A escolha de colocar todas as fichas na vacina da AstraZeneca/Oxford foi uma decisão arriscada, que parecia ter encontrado obstáculos quando saíram os resultados das primeiras três vacinas. As vacinas da Pfizer e Moderna apresentaram eficácia maior, 95%, quando comparada à eficácia de 70%, em média, da vacina da AstraZeneca. Algumas falhas no estudo de fase 3 me levaram a imaginar que talvez demorasse para alguma agência regulatória aprovar a vacina. Errei.


O fato é que a Inglaterra analisou os dados apresentados pela AstraZeneca e concedeu licença emergencial. Argentina e Índia, o mesmo. O governo inglês já está recebendo as doses que comprou, embaladinhas e prontas para uso na semana que vem. Significa que a AstraZeneca tem dossiê que foi entregue aos governos inglês, argentino e indiano e foi aprovado. A cadeia de comando não entregou o dossiê (Fiocruz) e tampouco examinou o dossiê (Anvisa). Se isso já ocorreu na Argentina e na Índia, por que ainda não no Brasil? O prazo para a Fiocruz entregar o pedido à Anvisa é 15 de janeiro. E a Fiocruz pretende entregar as primeiras doses ao Ministério da Saúde em 16 de fevereiro. Um mês e meio depois da Inglaterra receber doses prontas da AstraZeneca, e um mês após a entrega pela AstraZeneca do princípio ativo para a Fiocruz (previsto para 9 de janeiro). Será que as fábricas não ficaram prontas? Não foram certificadas? Faltam frascos? Não sabemos.

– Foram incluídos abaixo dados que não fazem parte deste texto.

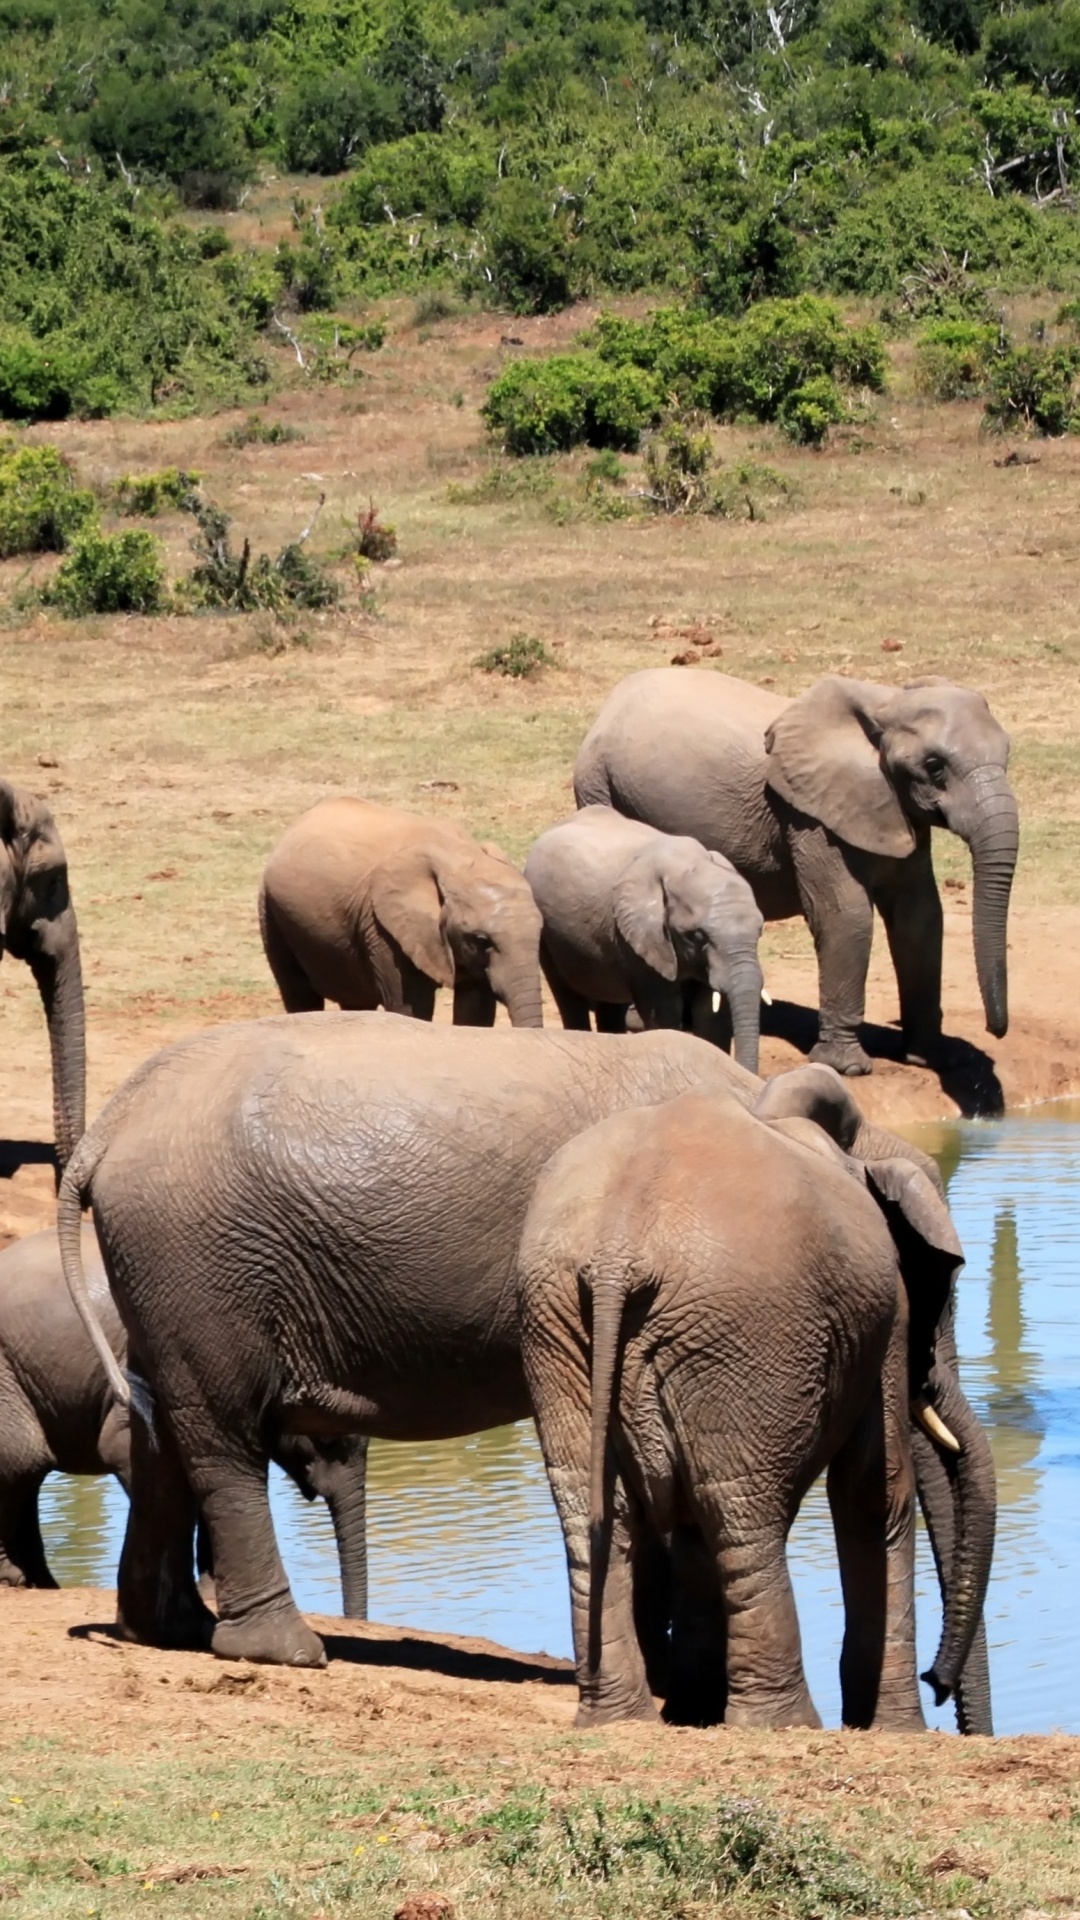 陆地动物, 野生动物, 大象和猛犸象, 牛群, 非洲象 壁纸 1080x1920 允许

Mais cedo ou mais tarde, a Fiocruz vai entregar as primeiras doses, 3,5 milhões, mas o ritmo da entrega ao longo dos meses seguintes ainda é desconhecido e não sabemos que fração da população a cadeia de comando planeja vacinar a cada dia. Para vacinar a população ainda em 2021, é preciso inocular aproximadamente 500 mil pessoas por dia. Lembre desse número e verifique o progresso a cada dia.


O ritmo de vacinação depende do ministério. O Programa Nacional de Imunização (PNI) é federal, e nossa sorte é que a vacina da AstraZeneca não precisa de condições especiais de transporte e armazenamento e, portanto, se encaixa como luva no PNI. Não há desculpa para a vacinação não ser iniciada rapidamente e executada com velocidade. Se não houver vacina suficiente, se faltarem seringas, se o controle de quem foi vacinado falhar, se não chegar aos rincões do Brasil, não existe desculpa. Bolsonaro optou por instalar um sistema de comando e controle, tipicamente usado por militares em operações de guerra. Podemos até argumentar que a luta contra o SARS-CoV-2 é uma guerra, mas nos sistemas militares o general dá as ordens, os outros devem obedecer sem questionar, como confirmou ao vivo e em cores o general que é nosso ministro da Saúde.


O que não devemos esquecer é que num sistema onde as ordens são emitidas por um único líder e seguidas por todos os outros, a responsabilidade pelo sucesso ou fracasso recai unicamente sobre o comandante. Qual for o resultado do programa de vacinação em 2021, é bom lembrar que a responsabilidade a partir de agora é de Bolsonaro. Acabou o espaço para desculpas.




Qual for o resultado em 2021 da vacinação, a responsabilidade agora é de Bolsonaro.